A depth of 220× haploid coverage was achieved after sequencing the entire PCR-free library prepared from the 4-mL plasma sample of the HCC patient. Bioinformatics filtering was performed without a priori knowledge of the set of somatic mutations identified from the tumor biopsy. Dynamic threshold filtering was applied to screen for sequence variants in both the plasma and buffy coat specimens. A total of 113,654 putative variants were present in the plasma but not the buffy coat. This set contained 10,050 (84%) of the 11,903 somatic mutations found in the tumor biopsy (Fig. 1). After realignment, 11,504 variants remained. Putative variants present at >5% concentration amounted to 11,466 and included 80% of the somatic mutations.

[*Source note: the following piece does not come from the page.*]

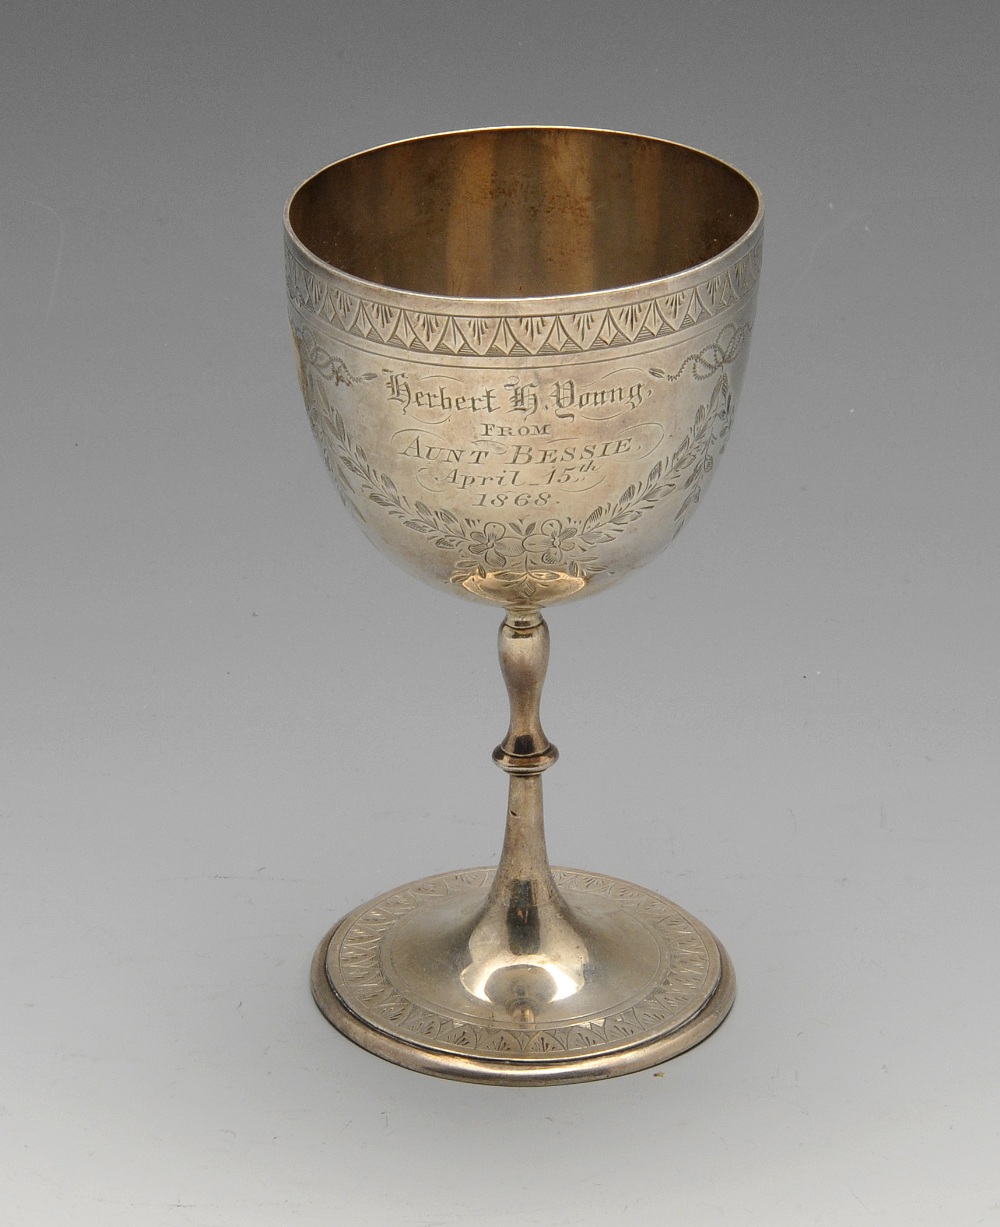 A Victorian silver goblet engraved with floral swags and presentation inscription. Hallmarked H J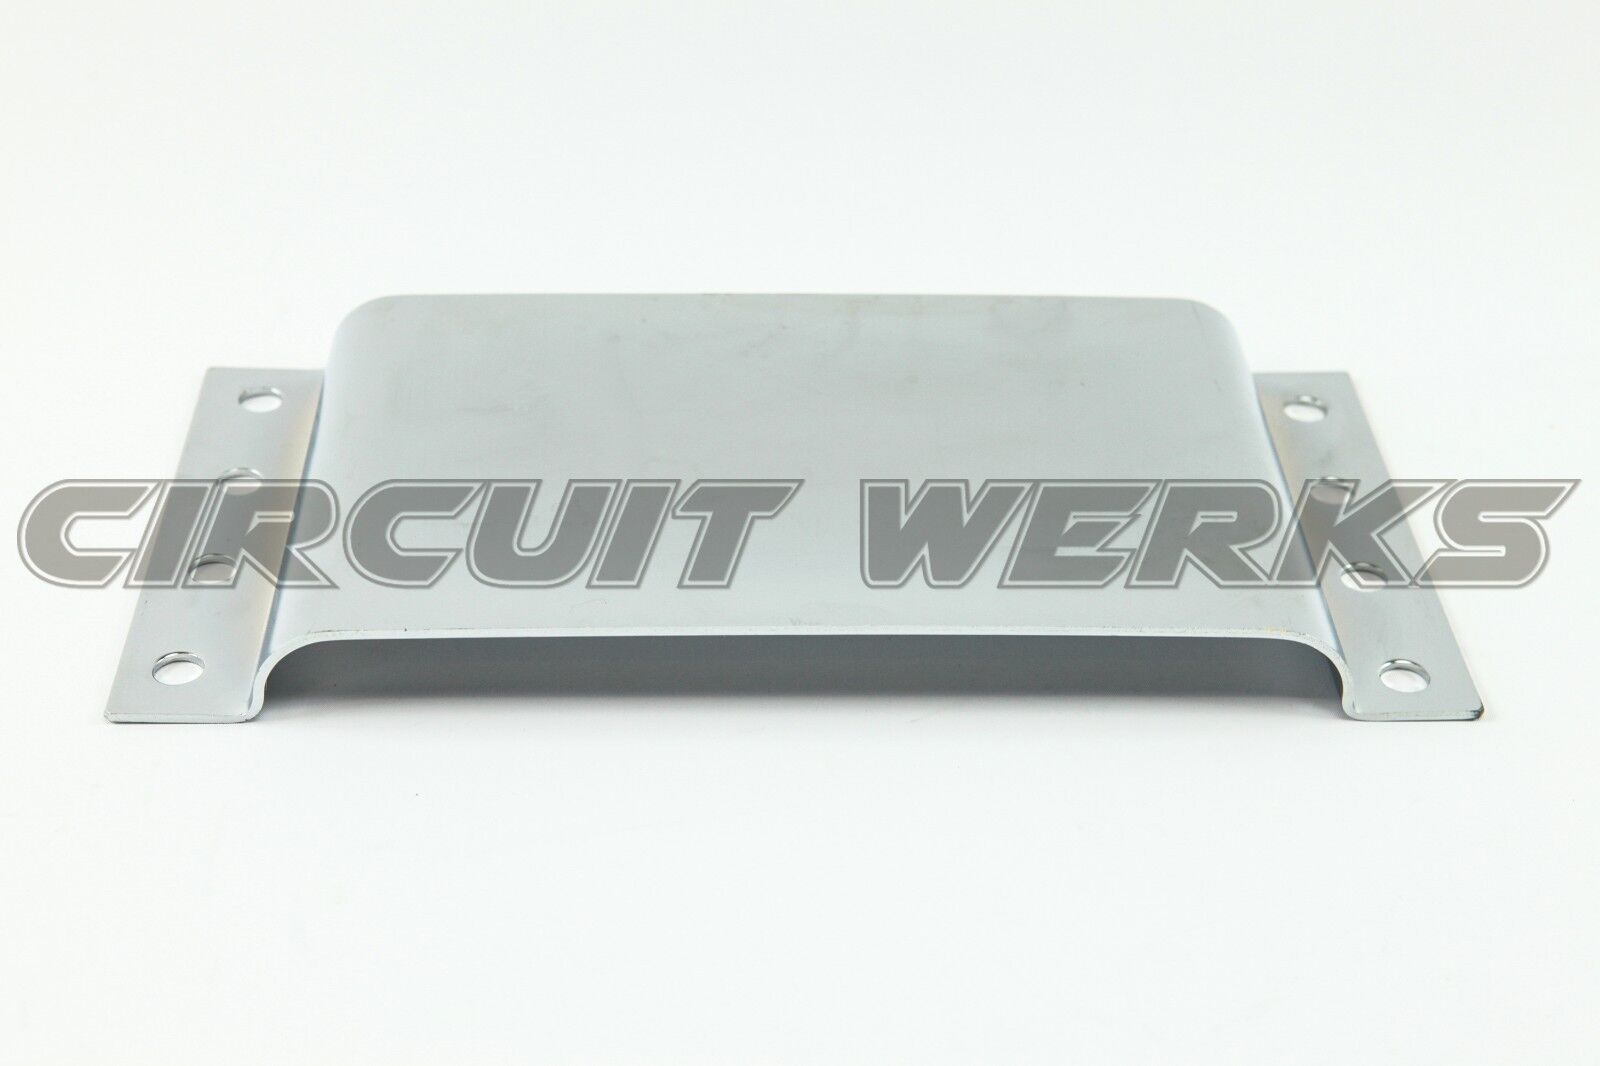 E93 Circuit Werks Bmw 335i Chassis Brace For Aftermarket Exhaust Catback Systems

Lastly, 9,928 of the identified variants were present on sequence reads that were at least 10 bp shorter than the median read length of molecules carrying wild-type alleles in the sample and included 71% of the tumor-derived somatic mutations (16).

Fig. 1.

Identification of somatic mutations in plasma of a HCC patient without a priori tumor information. (A) Number of putative variants identified at each successive step of bioinformatics filtering. Recovery rate refers to the proportion of the 11,903 tumor-derived somatic variants that were within the candidate pool of putative variants identified from the cell-free DNA analysis. PPV refers to the number of recovered somatic mutations as a proportion of all putative variants identified. For example, in the last step of size-based filtering, 9,928 putative variants were identified from plasma DNA, among which 8,480 overlapped with the tumor-derived somatic variants (in total 11,903) previously identified from the tumor tissue biopsy. Thus, the recovery rate was 71% (8,480/11,903) and the PPV was 85% (8,480/9,928). (B) Frequency distribution of the lengths of cell-free DNA molecules carrying any of the 11,466 putative variants (red curve) identified up to the third filtering step was compared with that of the remaining cell-free DNA molecules (blue curve) between the size ranges of 50 bp and 300 bp.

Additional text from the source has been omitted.